Though that comes at a price, because everyone then expects it of you, all the time. My friends at school would bet on what my hair would look like that day, so I had to do something different or better each day. Random people have stopped me to tell me how much they admire the way I dress or my hair or shoes. The old ladies at church used to love me walking up the aisle to get the hymn books, because it was like a wee catwalk where they could see what I was wearing. Complete strangers know me as 'the girl with the shoes' or 'coloured hair' or 'fancy outfits', so they expect me to 'dazzle' them each time I see them, even when I don't know I'm making this impression on them.  Look even at physio now, they actually phone other staff members up to come and see my shoes!  I have to wear a different pair each time and just last week the receptionist told me it's the highlight of their week, when I come in.  I actually think that's really sweet that something as simple as shoes can evoke that in strangers and I do enjoy it, I genuinely do. There's no doubt, it's a huge pressure though. One that's become all the larger because I've felt the need to keep it up, even over the past 13 years of illness. BeRealMarch selfie

I mean that sounds ridiculous when I type it, that I'm ill, every single day, yet still feel pressure to look a certain way. The message I get though is it's expected of me. On the few occasions I've not made an effort or worn makeup, friends have looked at me like I'm dying. Seriously! When I went to my best friends house on her wedding day to get my makeup done, she laughed and said "she forgot what I looked like without makeup" and couldn't stop staring at me (making me feel hugely self conscious). When I was extremely hungover with only a couple of hours sleep and had a 2 hour lecture at 9am (seriously who thought that was a good idea on a Friday?), I rushed into Uni with clothes thrown on and no makeup and a girl from my class told my flatmates (who weren't even in our class) that she'd never seen me look anything less than perfect and that I must be really ill. When I first fell ill and my old flatmates came to visit, they've still never gotten over the shock of how 'terrible' I looked and refer to it even now (13 years on), with the notion that I must be feeling "much better than back then, because you looked terrible". Ok, I get it, I get it, I look like death without makeup!

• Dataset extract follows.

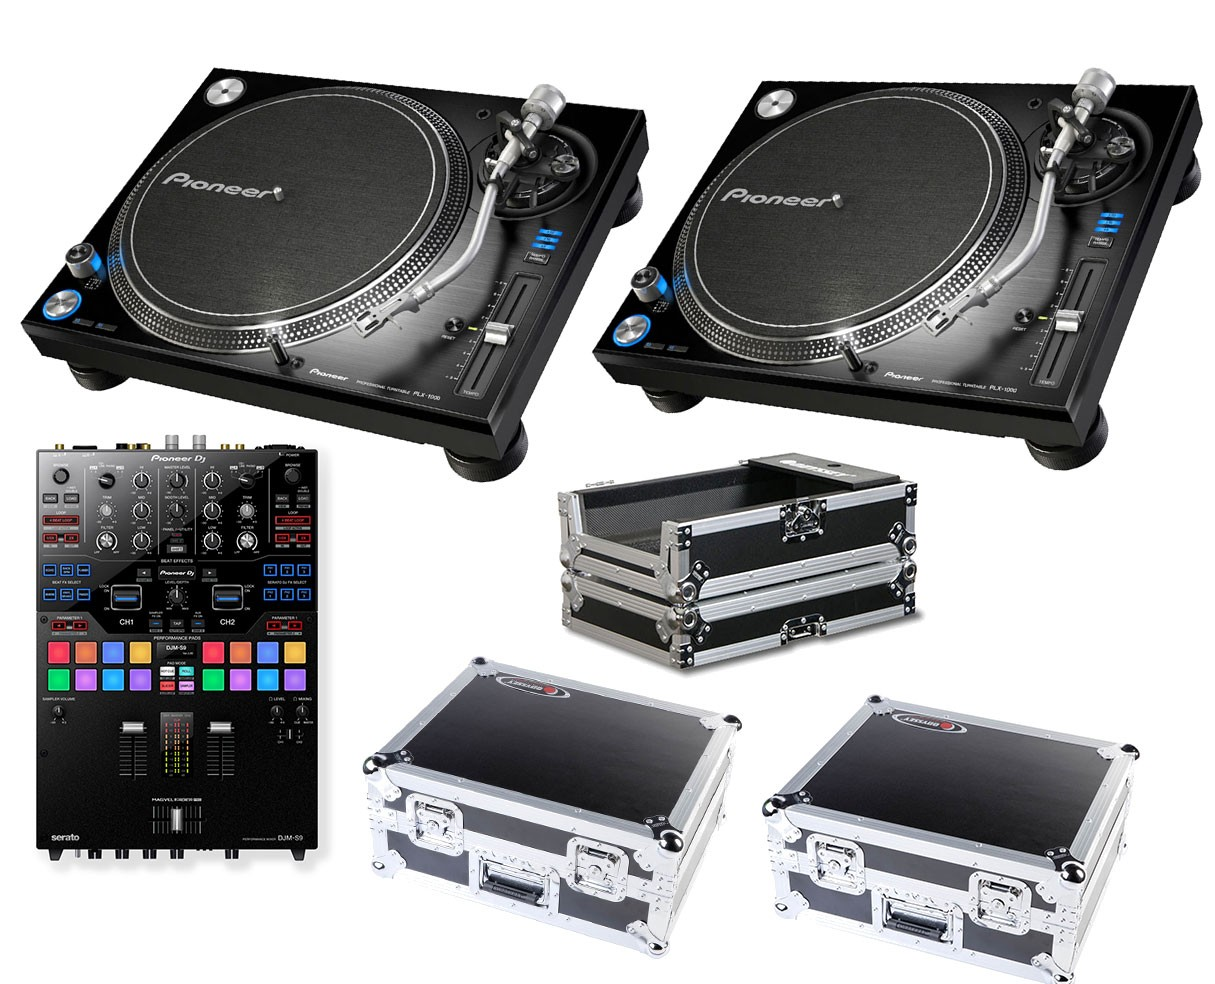 2x Pioneer PLX-1000 + DJM-S9 + Odyssey Cases
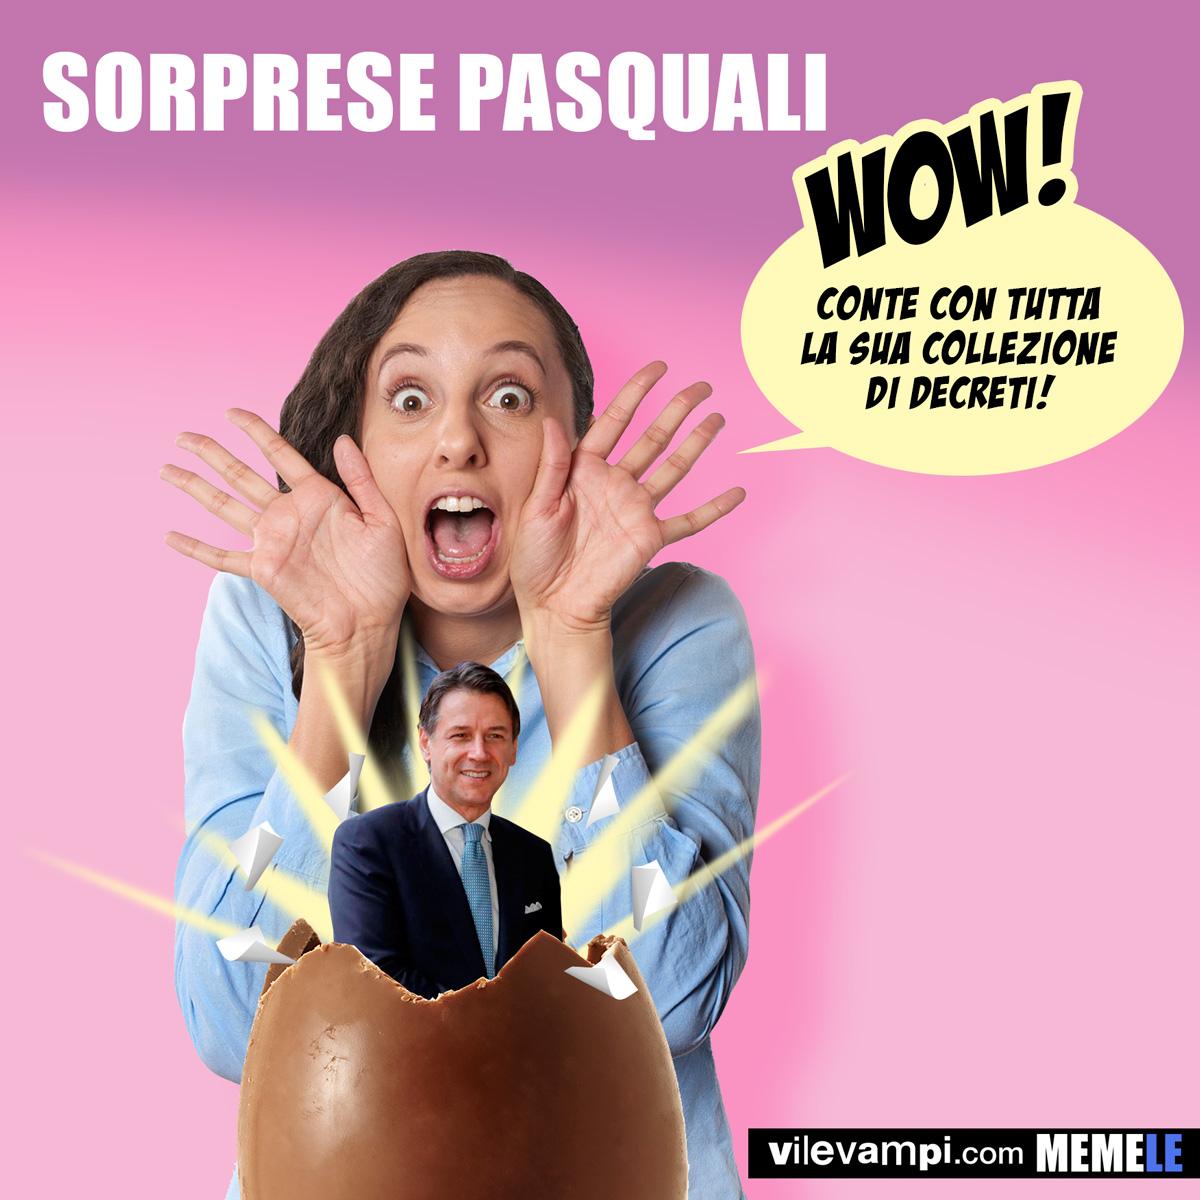 2020_Meme_Pasqua-sorpresa

Of course the 'sensible' part of my brain wants to protect me and tell all those people to P off for enforcing their opinions of me, on me and making me feel like I had something to be embarrassed about by not being 'perfect' all the time. Do I expect that of my friends? Hell no. Yet, I expect it of myself. There's a fine line between their pressure and my pressure. When did their opinions become my opinion too?  Last year when I had hospital appointments, I was honestly embarrassed at people making a fuss of my lovely shoes when my hair was a mess and I had no makeup on.  Had I gotten away with wearing a paper bag over my head, I'd have sooo done that!  So, yes, being able to look my friend in the eye and now go to these appointments without chastising myself for "looking so bad" in the mirror before leaving the house, is massive.  I do it without even thinking now.  Of course I've had over a year to get used to my face without makeup, so it's been a long and gradual process for me.  I thought doing these posts would be harder than it's been, but I'm kinda proud of myself for just going for it and trying to make a difference, not just for myself but everyone.  Nobody should feel 'forced' into keeping up appearances and backed into that corner where they can't be less than perfect.  I figure if I can do it, with all that pressure I've had, then anyone can.  See you tomorrow x

#BeRealMarch information

Day 19 #BeRealMarch

8 comments :

  1. It's interesting, isn't it, what peoples' expectations can do to you. In the past when things like this have happened to me, I've been pretty mad too. I feel like it's really indelicate when people say, "Oh, wow, no make up today?"
    And then there are so many women, at least in my family, who will tell you that they literally can't go out without makeup. Or that they look hideous without it. That's a terrible thing for someone to say! I don't want to go through life feeling like that; I don't have words to express how sad that makes me when a woman says something like that. I'm really glad that you don't feel that way and that you've stated it publicly.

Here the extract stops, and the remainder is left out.